> DATA RECORDS
☆ ☆ ☆ ☆

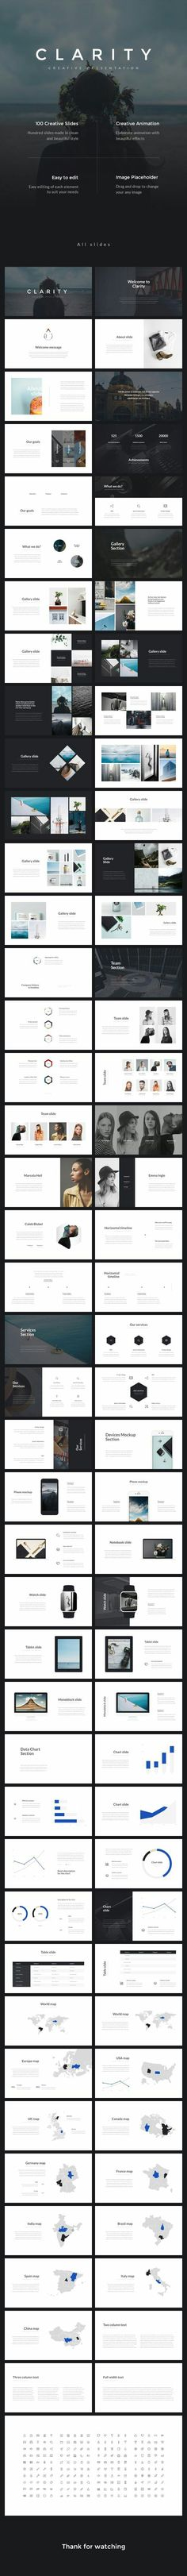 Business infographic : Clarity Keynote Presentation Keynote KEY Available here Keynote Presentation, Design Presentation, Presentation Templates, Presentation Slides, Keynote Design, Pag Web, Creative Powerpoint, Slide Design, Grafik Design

☆ ☆ ☆ ☆

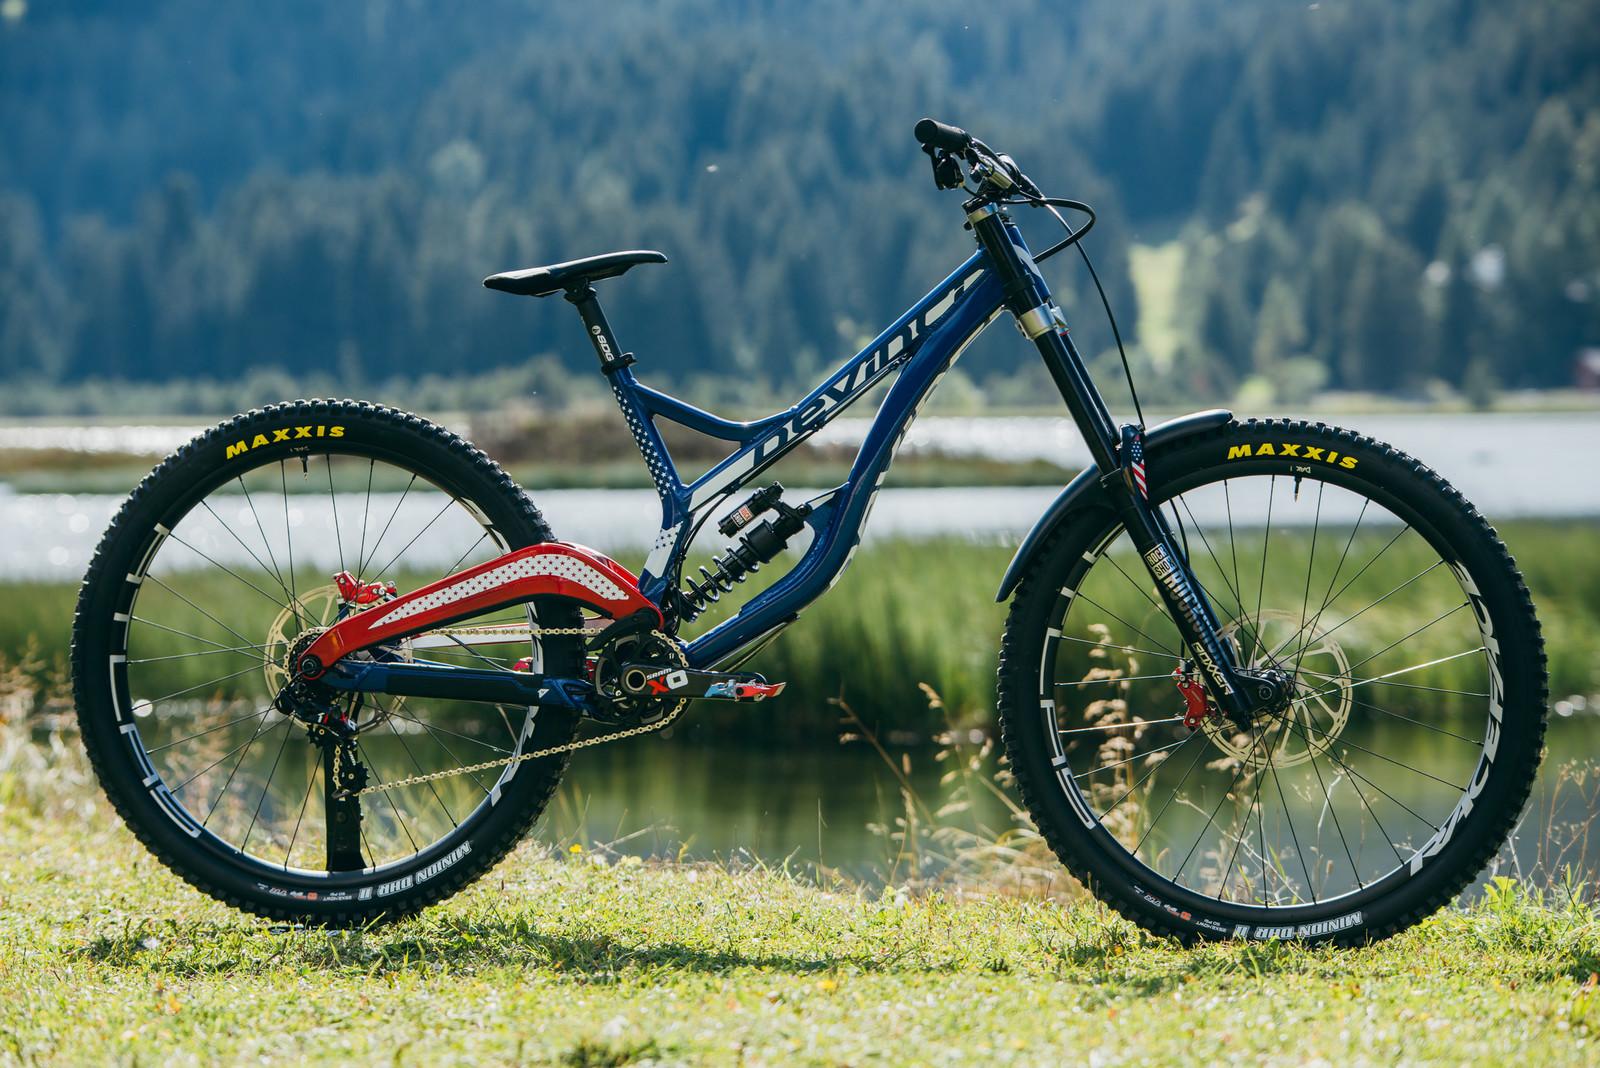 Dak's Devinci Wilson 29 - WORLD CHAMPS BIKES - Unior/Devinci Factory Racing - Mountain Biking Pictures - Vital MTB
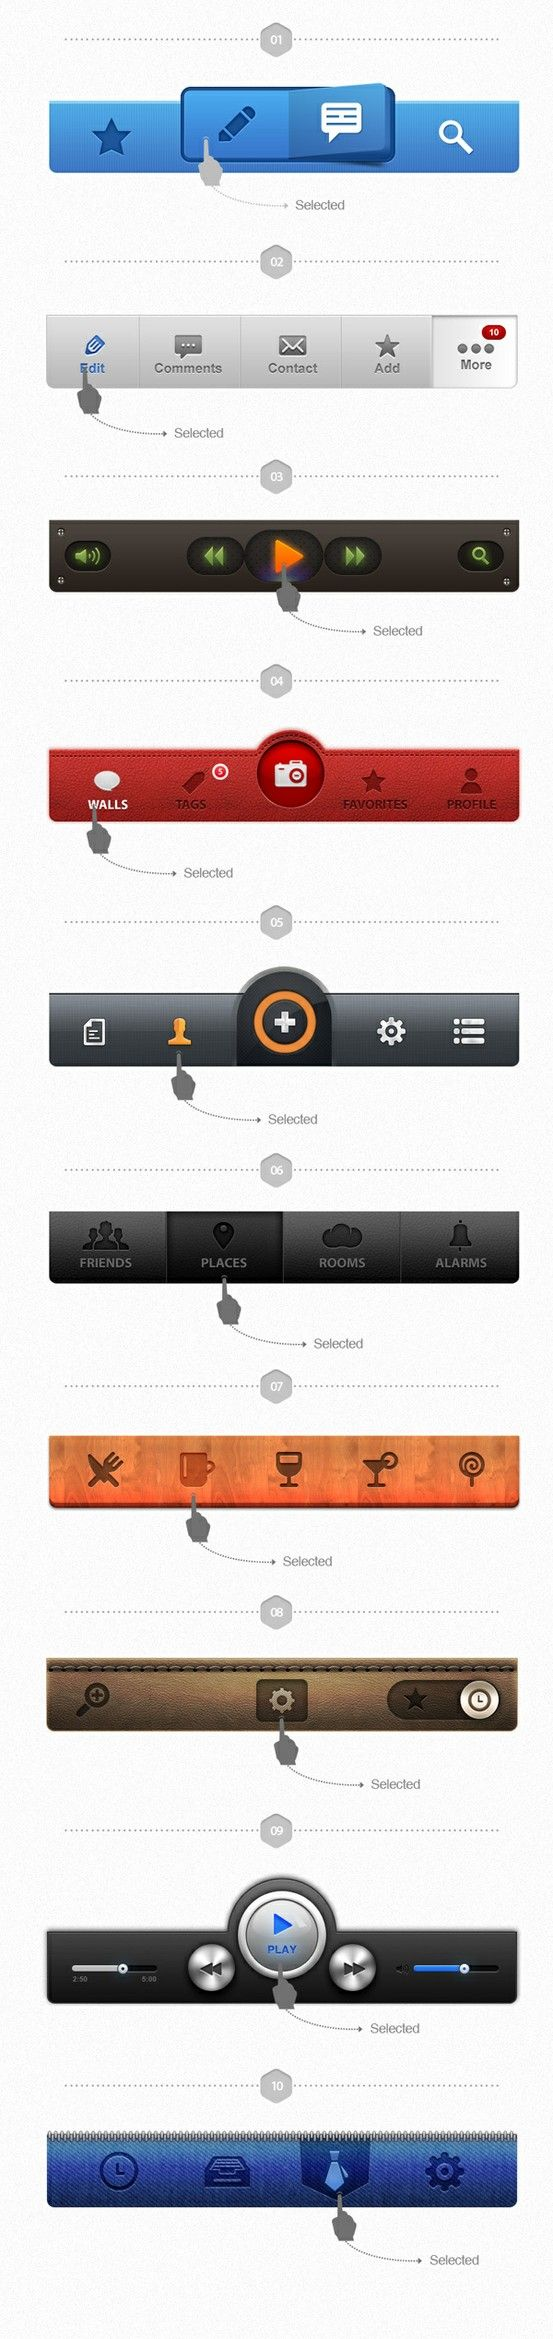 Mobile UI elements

☆ ☆ ☆ ☆

> WHAT TO PRODUCE
Each line above that falls between the line with "Dak's Devinci Wilson" and the line with "Mobile UI elements" should be printed exactly, together with those two lines, but the pictures should not.

> SOLVED EXERCISE
 Dak's Devinci Wilson 29 - WORLD CHAMPS BIKES - Unior/Devinci Factory Racing - Mountain Biking Pictures - Vital MTB
 Mobile UI elements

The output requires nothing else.